Это будет играться на сцене так же, как и в студии. Какие-то моменты абсолютно близко к тексту, какие-то мы играем по-другому. С точки зрения мультимедиа мы будем использовать полнокупольную проекцию на все композиции. Мы используем все технические возможности, которые есть в Московском планетарии. Мы готовимся к этому более двух месяцев. За это отвечает Андрей Врадий, который является нашим камертоном. Весь визуал — это его: все видео — а у каждой композиции есть видео, пока опубликованы только два, обложка, арт-ворки — все, что появляется в сети.

Мы принципиально против фотографий, мы принципиально за анонимность. Потому как даже на обложке альбома у нас нет кредитов, не написано, кто что сочинил и кто на чем играл. Мы только указываем в случае с «Есть» авторство Гийома Аполлинера и участие в двух треках поэта Александра Бараша, крестного отца «Мегаполиса», который очень много для нас сделал. Все остальное авторство не указано. Какое здесь авторство, когда нашими руками кто-то владел!

— Но в том же клипе на «Бриллианты из глаз» вы же все равно присутствуете.

— Да, но больше в клипах наших образов не будет. Нам показалось, что конкретно для этого трека нужно сделать такую версию, которая немножко связывает нас с внешним миром, чтобы все увидели музыкантов.

— Этот альбом в отрыве от видео не существует?

— Конечно, «Zerolines» — это арт-проект. «Супертанго» — последний альбом «Мегаполиса», дальше — только проекты.
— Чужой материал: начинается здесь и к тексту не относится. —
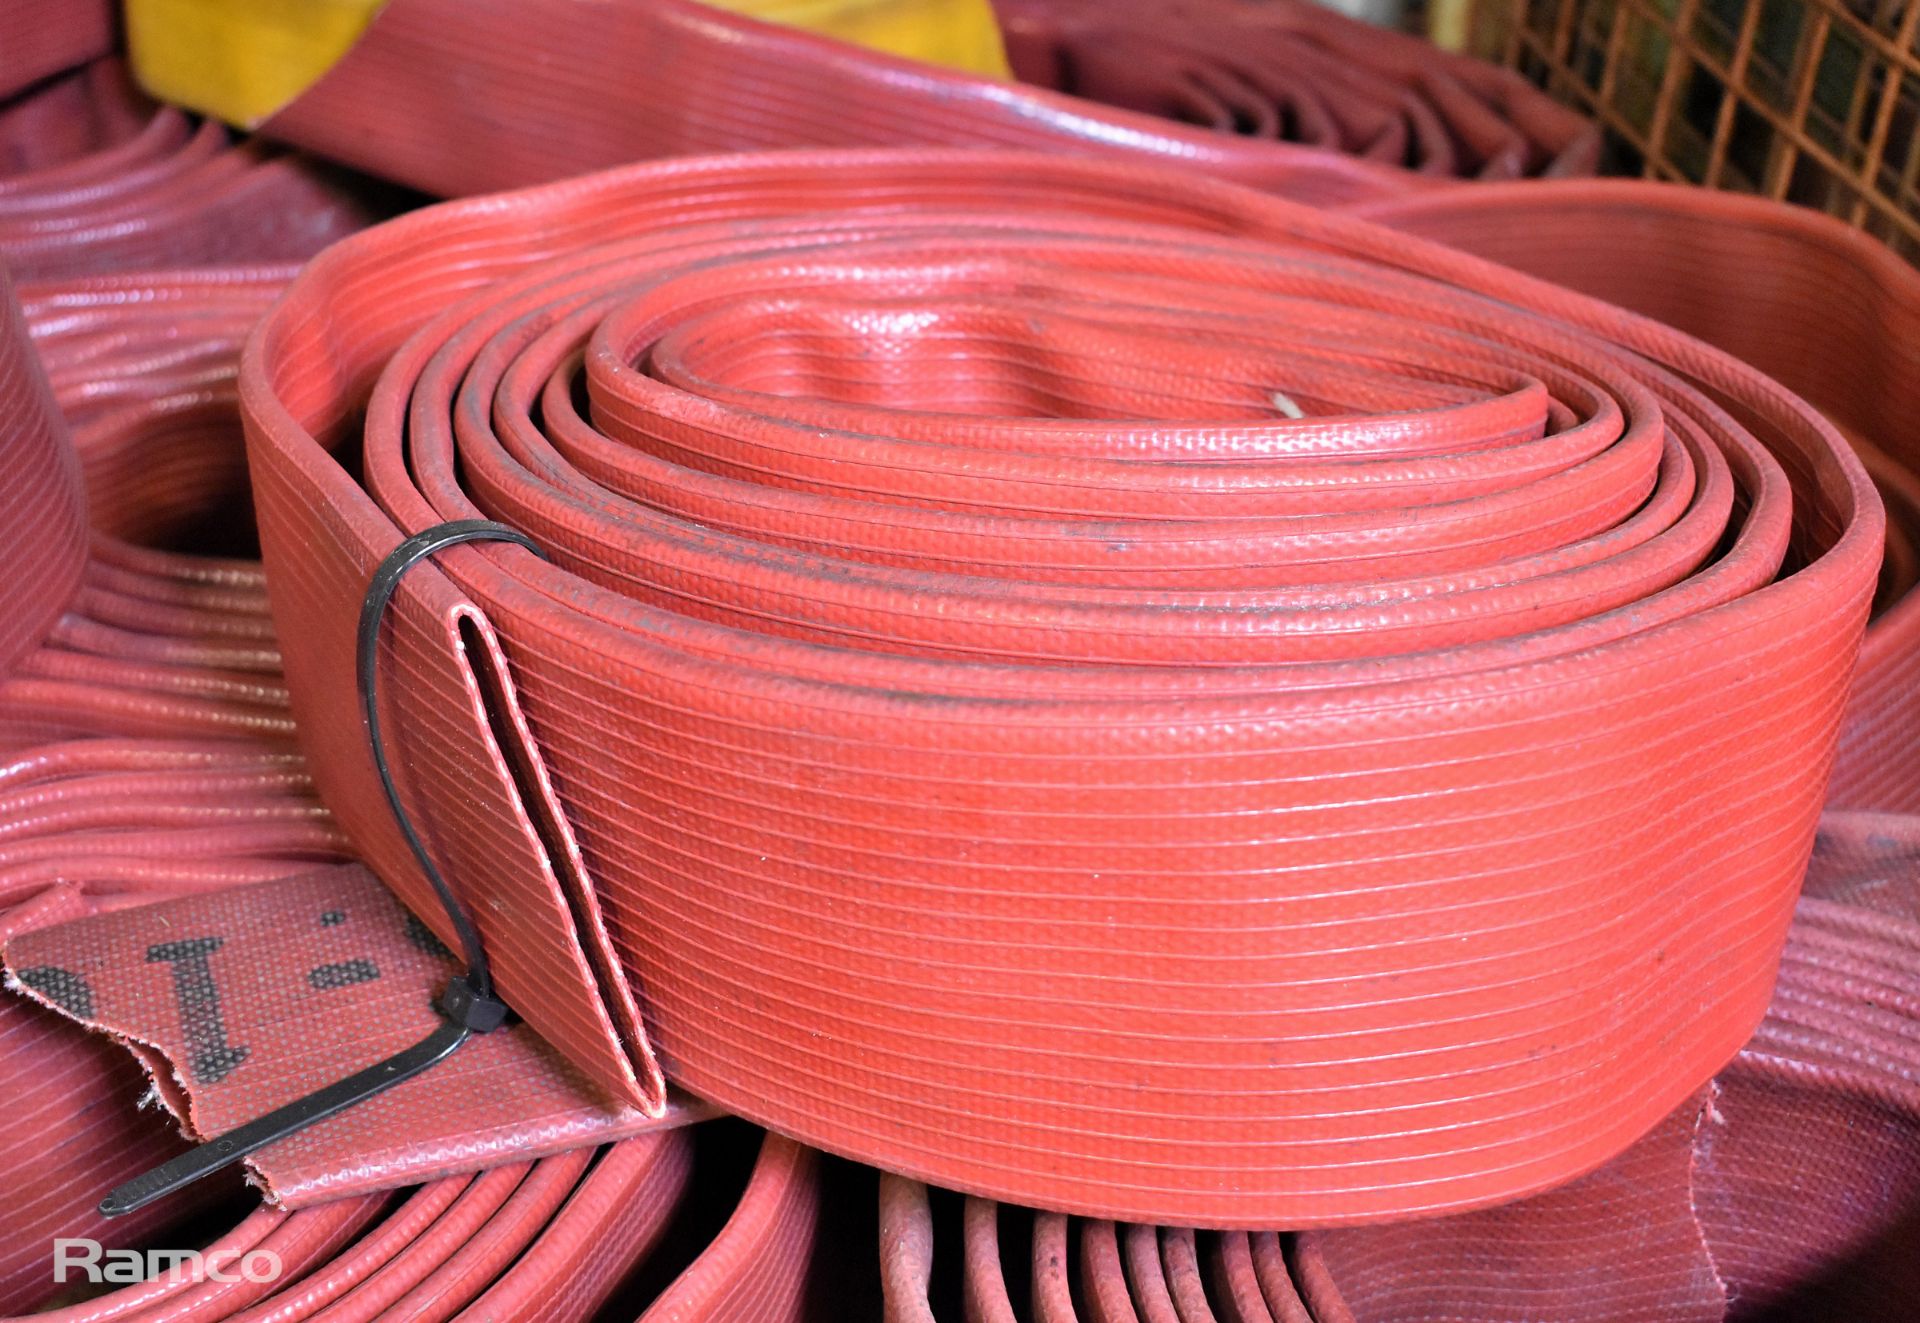 12x red layflat fire hoses - mixed sizes - some missing couplings - Image 2 of 2

Играть материал «Zerolines» мы будем исключительно с мультимедиа в каких-то местах, нетрадиционных для обитания рок-групп. В клубах «Zerolines» мы играть не будем. Где можно демонстрировать арт-проект, там он и будет звучать.

Текст песни «Есть» — это стихотворение Гийома Аполлинера, а исполнено оно так, что без подсказки голос Олега Нестерова ни за что не опознать.

— Сочинительский подход со времен первой инкарнации «Мегаполиса», как вы сказали, изменился. Как?

— В «Из жизни планет» был смешанный подход. Было 15 тем, которые мы разыгрывали, и из них половина ушла в никуда, еще порядка семи или восьми самых важных тем родились в совместном творчестве. Это смесь композиторского подхода и коллективного гения, сцениуса, по выражению Брайана Ино. Ранний «Мегаполис», совсем ранний, — это композиторский подход. Начиная с 1993 года, с немецкого альбома, у нас появляется коллективное творчество. Это видно по песням вроде «1+1» или «Я — весна». Новый «Мегаполис», думаю, будет на 100% сделан из коллективного творчества. Мы уже сделали несколько заходов в студию и немножко поразились той музыке, которая через нас сейчас произрастает. Мы даже не стали записывать ее, а просто открыли рот от удивления.

— Чем нынешнее существование «Мегаполиса» в виде проектов отличается от предыдущей инкарнации группы девяностых годов?

— Так [как сейчас] интереснее всего. Если честно, причиной нашего 14-летнего молчания и того, что я стал заниматься другими артистами, стало то, что меня абсолютно не устраивал вот этот альбомный подход. Тогда я должен был удовлетворить огромный гарем наших поклонников: раз в год новый альбом, ты должен всем понравиться, ты должен проехать по стране, ты должен, должен, должен.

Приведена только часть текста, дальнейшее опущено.